Subject Re: [Firebird-Architect] UTF-8 and Compression
Author Ann W. Harrison
Arno Brinkman wrote:
> The "new" compression is done on the whole record right? Wouldn't
> this has as side-affect that a record-fragment becomes much
> bigger (compared to now) if i change only 1 field-value from a record?

I'm having one of those days where my brain could easily be on spin
cycle, but I don't follow you. There are three things going around,
record compression, fragmentation, and difference records.
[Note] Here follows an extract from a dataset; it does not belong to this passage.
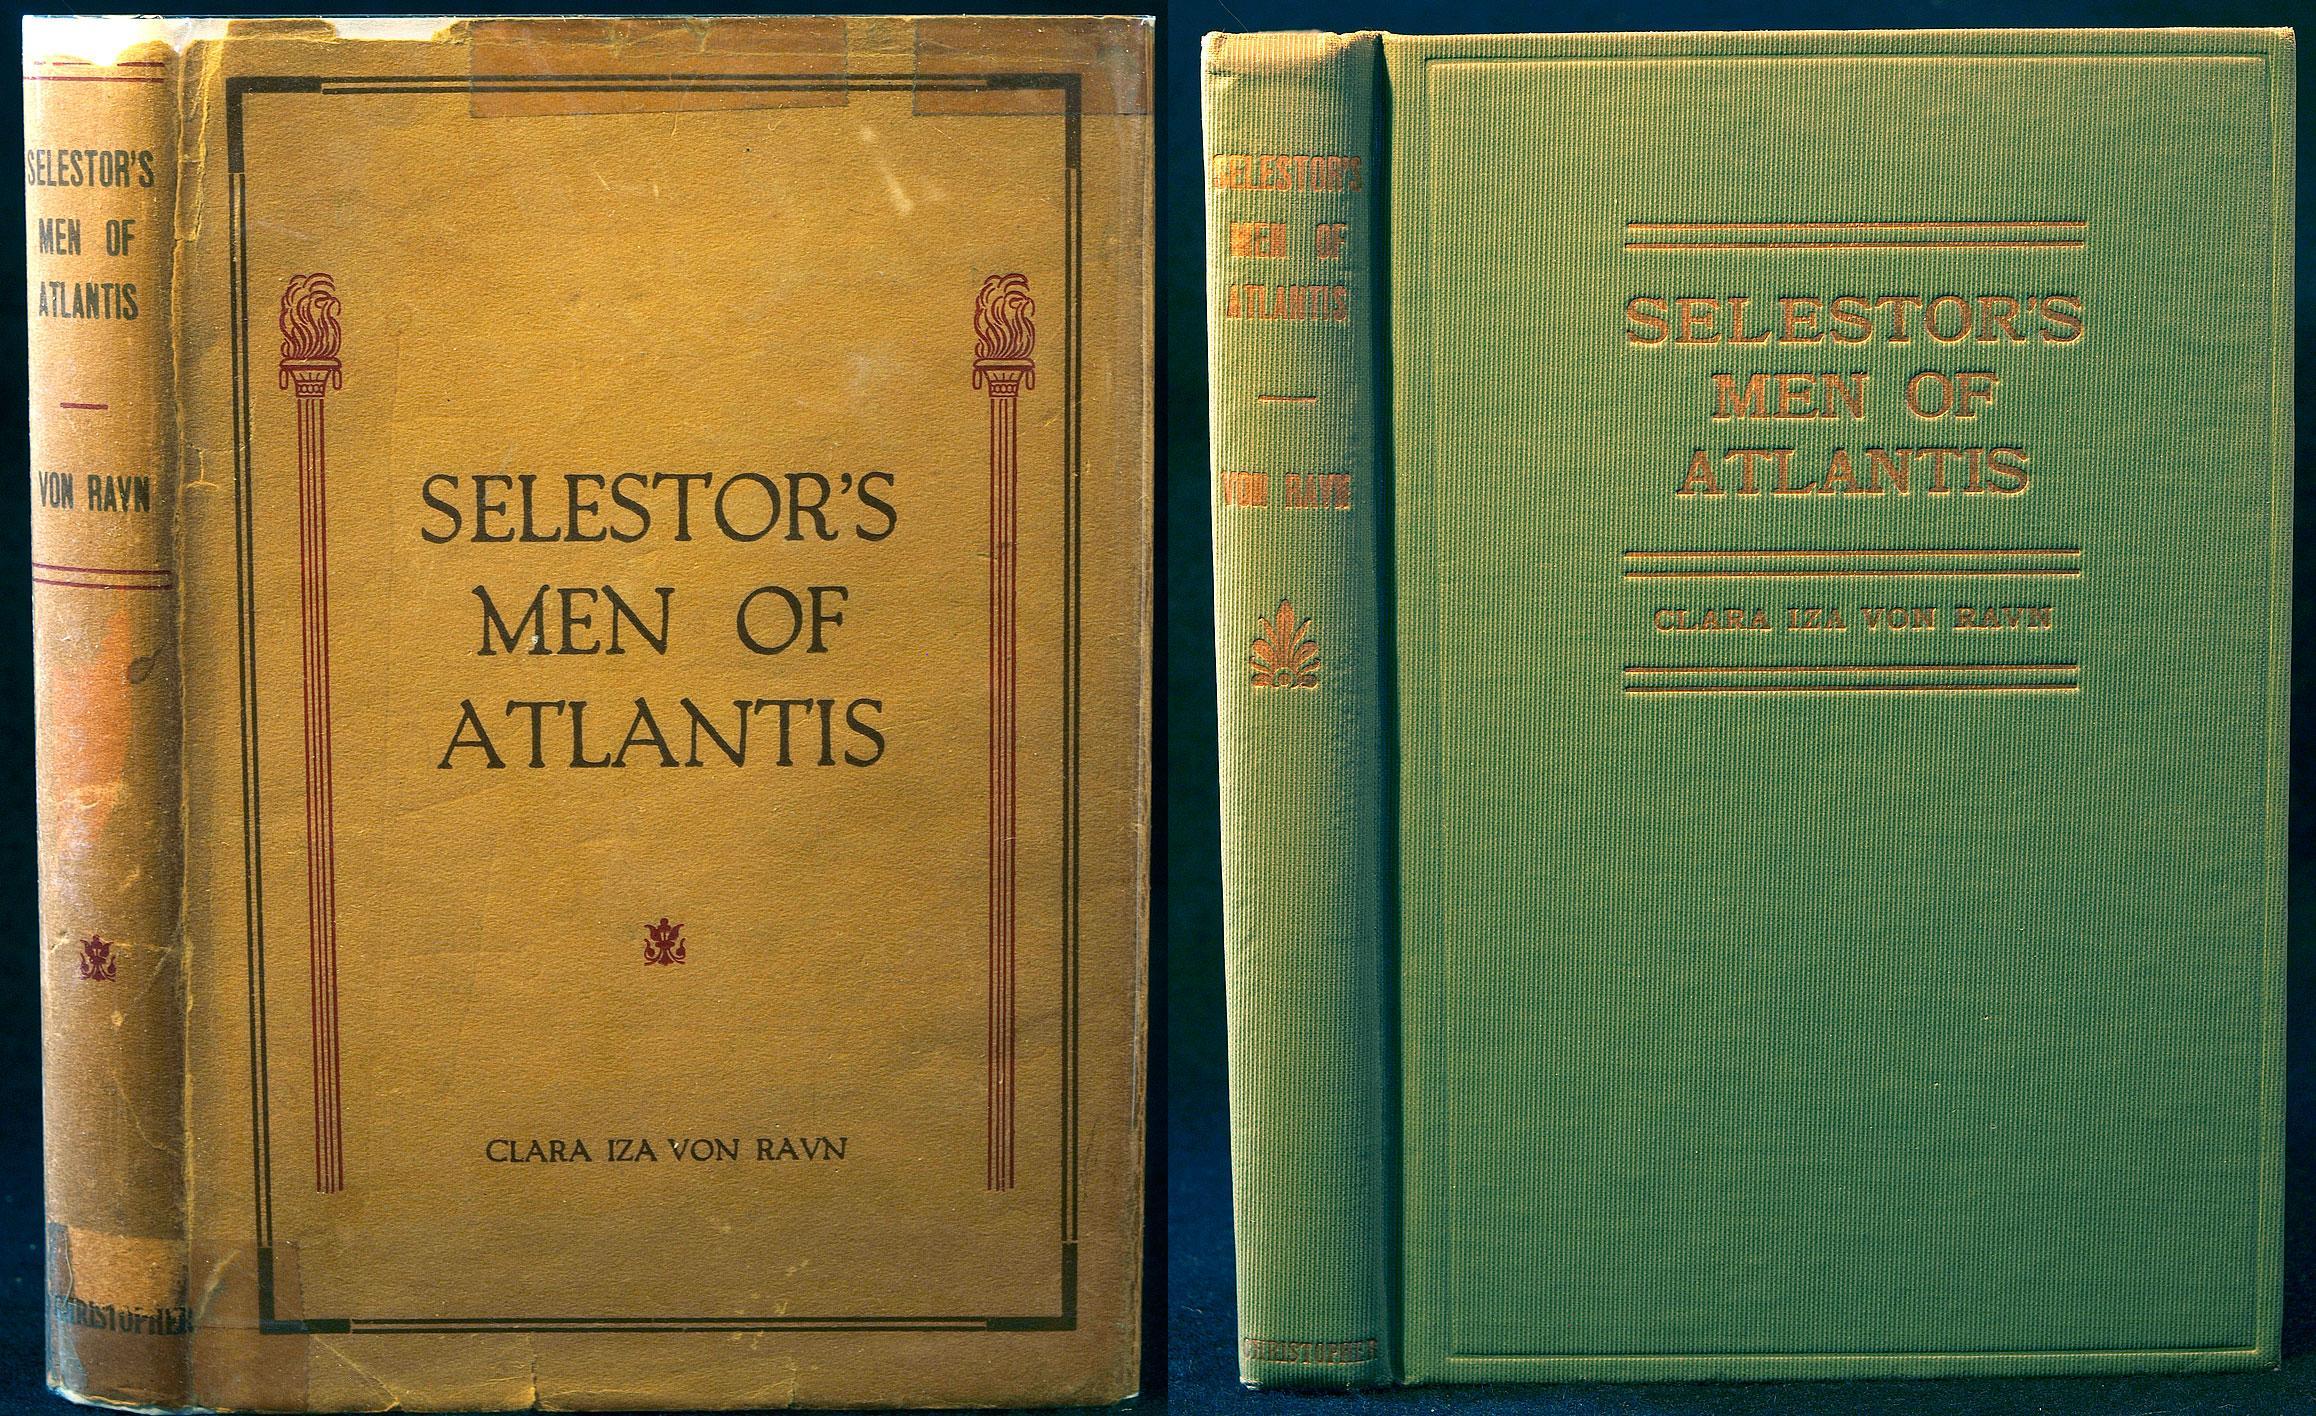 Selestor's Men of Atlantis Clara Iza Von Ravn Very Good Hardcover

Working backward, a difference record (aka delta) is a formula,
which, when applied to a fully expanded primary record, produces the
previous version of the record. If you change the value of an integer
in the record from 11 to 12, the delta contains something like 24, 1, 11
where 24 is the offset of the byte that changed, 1 is the length of the
change, and 11 is the old value. So, as far as I see, compression
algorithms have very little to do with deltas.

Record fragments are what happens when a record, when compressed,
doesn't fit on the page where it belongs. Maybe it doesn't fit on any
page. Maybe it is a new version that doesn't compress as well as the
original. In that case, the part that fits goes on the target page with
a pointer in the record header to the page and index offset of tail of
the record. The data is compressed before fragmentation... So
different compression algorithms don't seem to make much difference.

Record compression is what happens to a record between the time its
sitting fat and happy, fully expanded in its record buffer and the
moment when it gets sent to disk. Currently we do a one byte run length
compression, front to back, starting with the first byte after the
record header. A more expensive compression algorithm would reduce the
amount of data stored except in some pathological cases.

Or maybe you meant something completely different?